Vagabond Swing Brings Their Wild Live Show to NYC
by delarue
Sunday night Lafayette, Louisiana’s Vagabond Swing gave the crowd at Rockwood Music Hall something to remember for months, blasting through what had to be the wildest, most ferocious show this normally sedate venue (“Classy,” a band member called it) might have ever hosted. “This is the smallest stage we’ve played in years,” admitted their trumpeter, but that’s what happens when bands who play to huge crowds on the road hit this city the first time around. And yet as much as they threatened to completely blow out the PA system, they felt the room, pushing it as far as it would go without being completely over-the-top. The group incorporates elements of Gogol Bordello at their most psychedelic, the Strawbs, Zappa, World Inferno, Tom Waits and Aunt Ange and yet sounds nothing like any of those acts. Their drummer also fronts the band, leaping from behind the kit out into the audience on several occasions, backed by trumpet plus two guitars, electric mandolin, bass and drums, the trumpeter and a couple of the guitarists doubling on creepy funeral organ.

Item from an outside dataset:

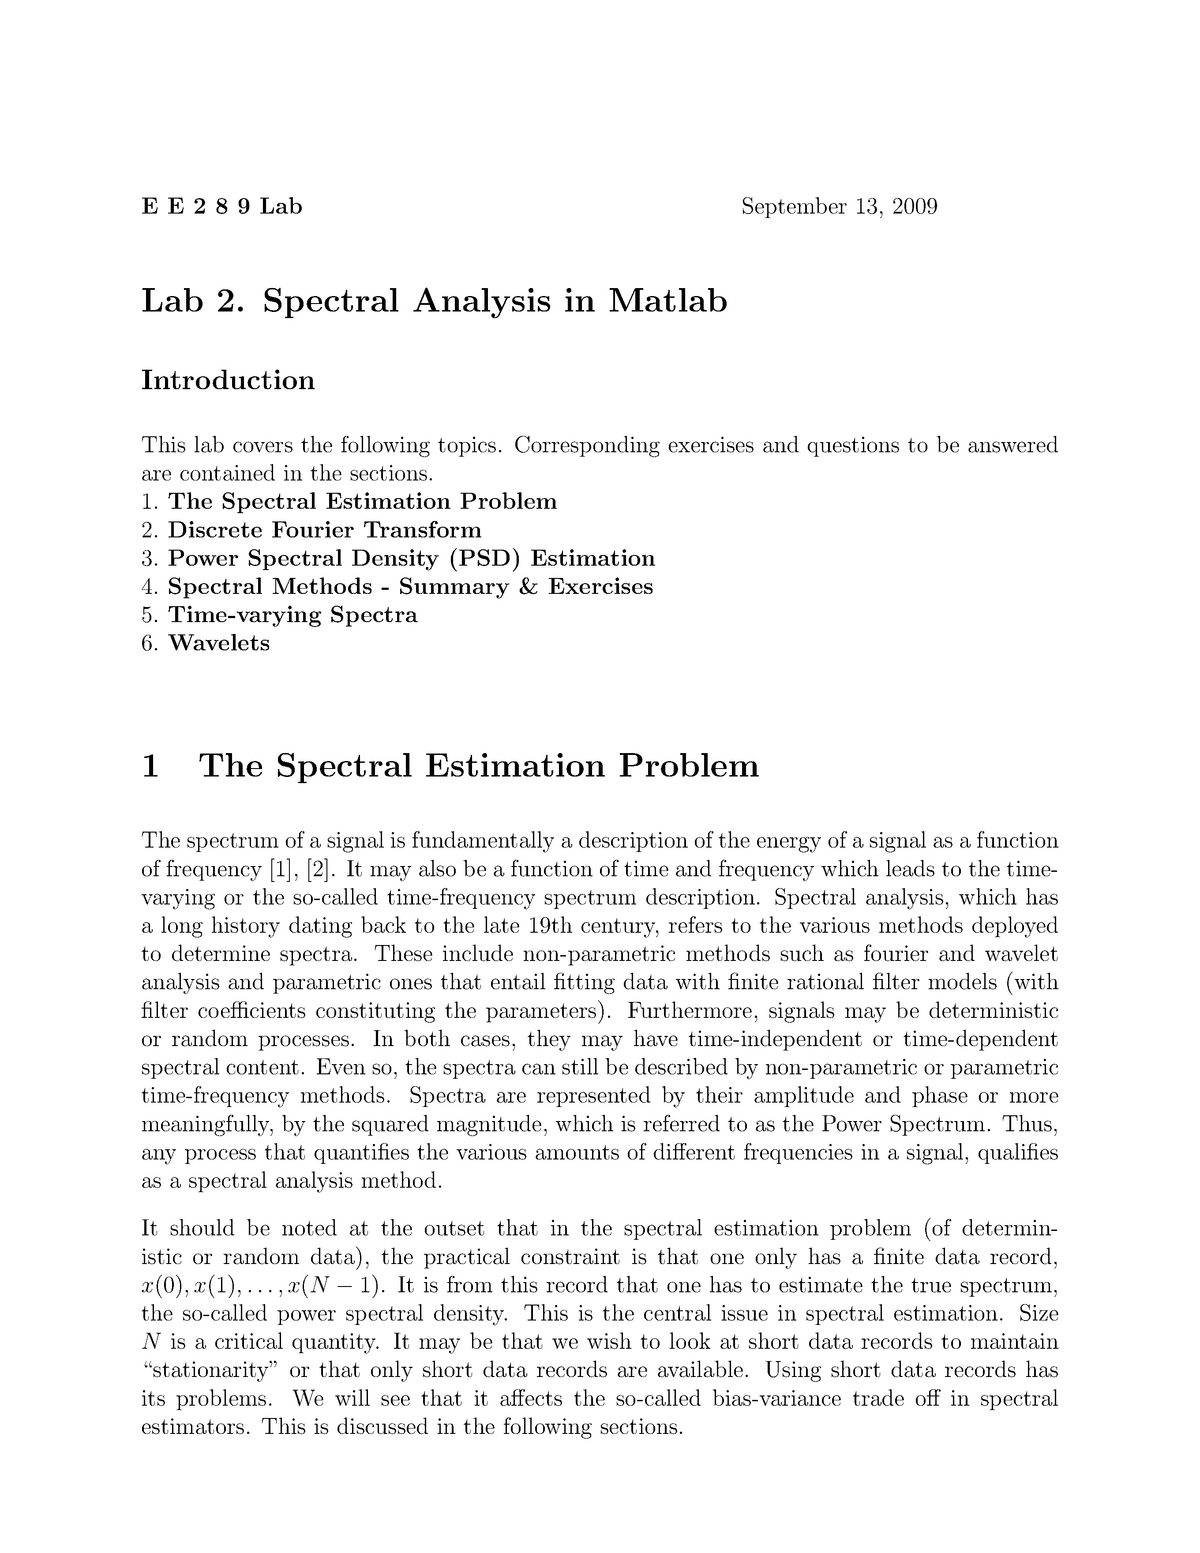 Spectral Analysis Matlab

Their shapeshifting songs went on for what seemed 20 minutes at a clip. To call them psychedelic gypsy punk isn’t off the mark but it doesn’t do justice to how crazily eclectic and intense they are. Their first number kicked off with a blistering Keystone Kops intro that morphed into a pensive waltz, then a swaying cabaret vamp and then back to the chase scene which didn’t take long to go completely awry with noisy guitar and trumpet solos. The second featured two slinky bass solos, two macabre organ interludes, a slowly careening waltz that reminded of the heavier stuff on Abbey Road and then a pensive folk-rock interlude with the trumpet soaring uneasily overhead. From there they went into brooding minor-key reggae and came out of that with machine-gun drums into morbidly swirling Carnival of Souls atmospherics. And then the trumpeter led them into a brief, bracing Ethiopian-flavored passage that turned menacingly Macedonian in a split-second and went doublespeed with a vengeance. Is there any style of music this band can’t play?
Wait, there’s more: a punked-out tango with an especially sweet trumpet solo; a twistedly bluesy merry-go-round waltz and a screaming Cab Calloway hi-de-ho number on acid. Vocals are part of the picture, but those didn’t come through clearly considering how fast and furious the band was playing. It didn’t matter. This was the kind of show that gives you enough adrenaline to sprint from the club, cut across two lines of traffic on Allen Street in the pouring rain and then dive down into the subway out of the storm, all in the span of about fifteen seconds. That’s not to suggest that you should do that, only to illustrate how exhilarating it felt to witness something this explosive at midnight on a Sunday.